Ribatto pacatamente che qua più che il TSA ci vuole un TSO, ma per non continuare la polemica andiamo a fare questo precontrollo, che dura più del controllo stesso.
Dopo altra mezz’ora siamo tutti controllati.
Ci prendono le impronte digitali.
Con i nostri passaporti pieni di visti e le nostre carte di imbarco in mano, che si guardano in lungo e in largo, ci fanno domande a trabocchetto tipo:
Siete in partenza?

Ma stasera dove andate?
A Roma.
E da dove venite?
Da Montréal.
E quanti giorni siete stati?
Due, tre.
Due o tre?
Due notti e tre giorni.
Come ti chiami?
Brunella.
Dopo aver appurato che siamo proprio noi e non altri, ci lasciano liberi.
Sono le 20.00: dobbiamo ancora mangiare, bere, far pipì e comprare i souvenir.
Ma il Terminal 1 è quanto di più triste esista nella storia di tutti gli aeroporti del mondo.
Niente souvenir.
Un po’ di pipì.
Vabbè, non ci resta che mangiare. Dopo una giornata di merda, facciamo gli sboroni e andiamocene a farci fare due coccole nella vip lounge Alitalia!

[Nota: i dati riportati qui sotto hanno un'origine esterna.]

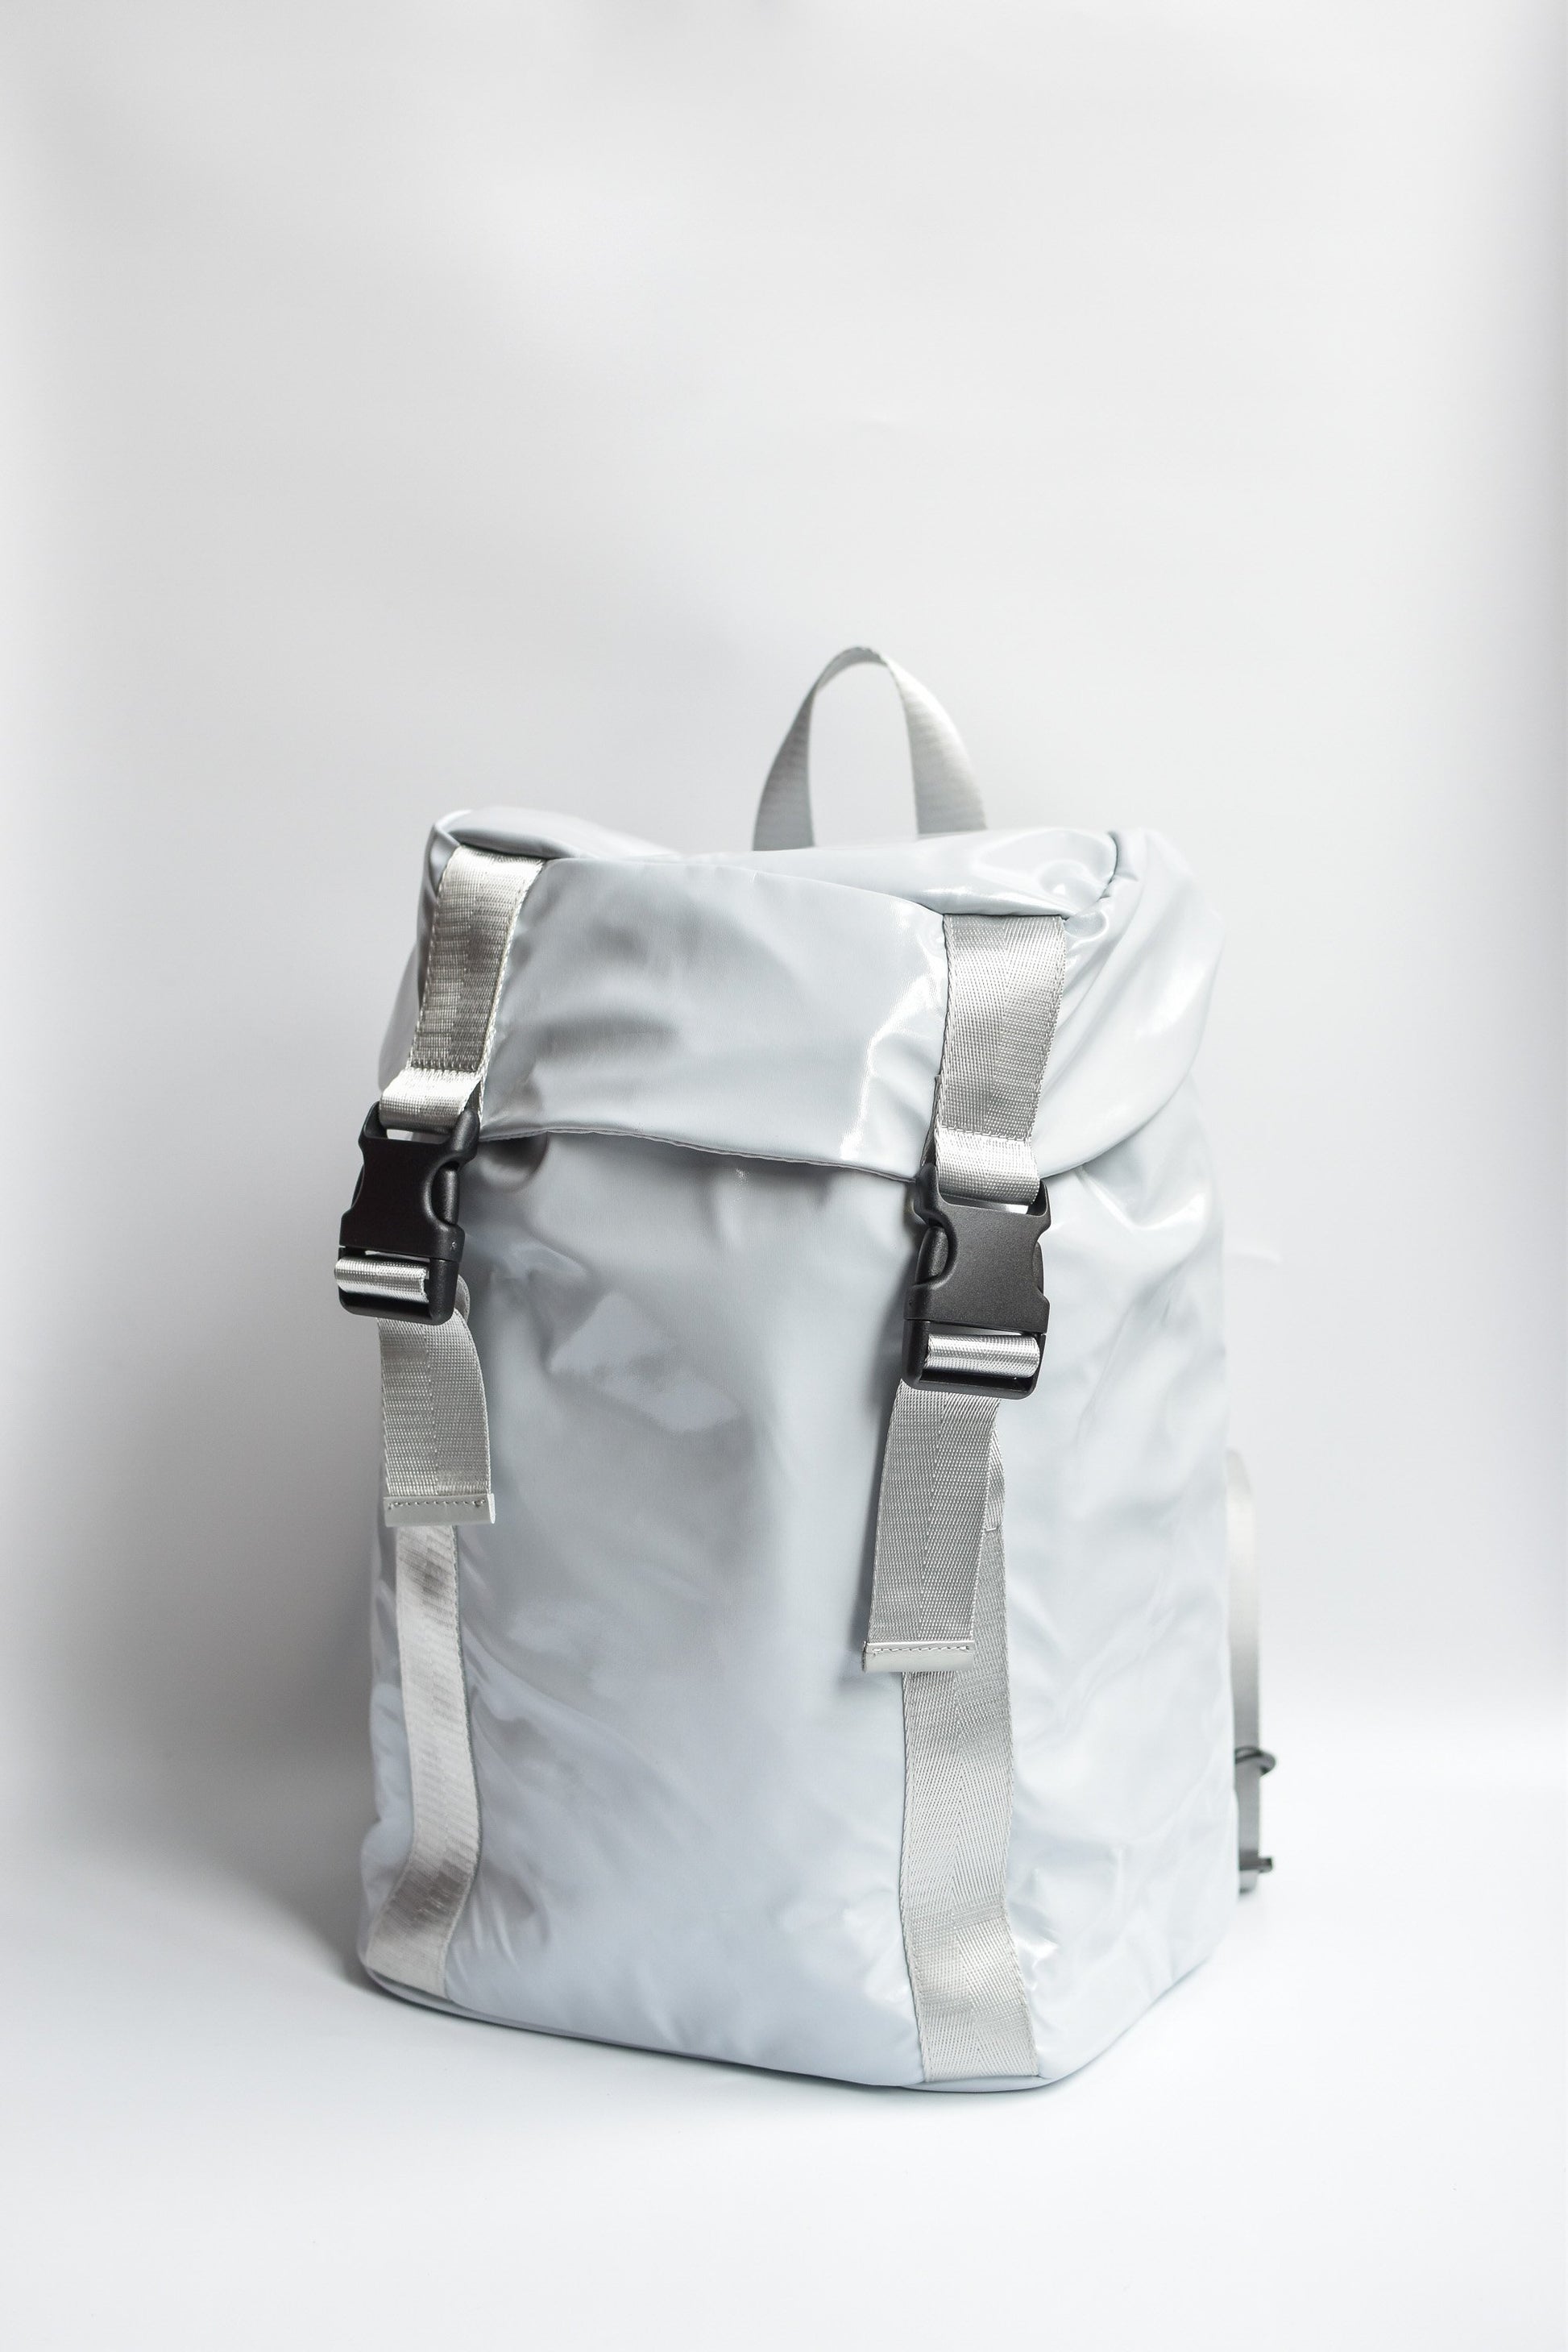 Gray high gloss backpack with gray leather and webbing details.

Ma l’America è un paese democratico, e la VIP Lounge ricorda una situazione cinese da anni ’70.
Un frigorifero gigante offre panini semicongelati e immangiabili. O un’insalata di pomodorini e cuori di palma. O un hummus ai peperoni inqualificabile.
Ci sono dei chocochips con un retrogusto di cartone ammuffito, incoerentemente croccanti grazie all’olio di palma di cui sono composti per l’80%.
Il Primitivo di Manduria si beve nei bicchieri di plastica.
Un’ondata di snobismo antidemocratico ci assale.
Mi sento trattata contemporaneamente come una povera crista che voglia immigrare clandestinamente e una vip scrausa.
Di colpo capisco come si fa a votare Trump e ho paura di me.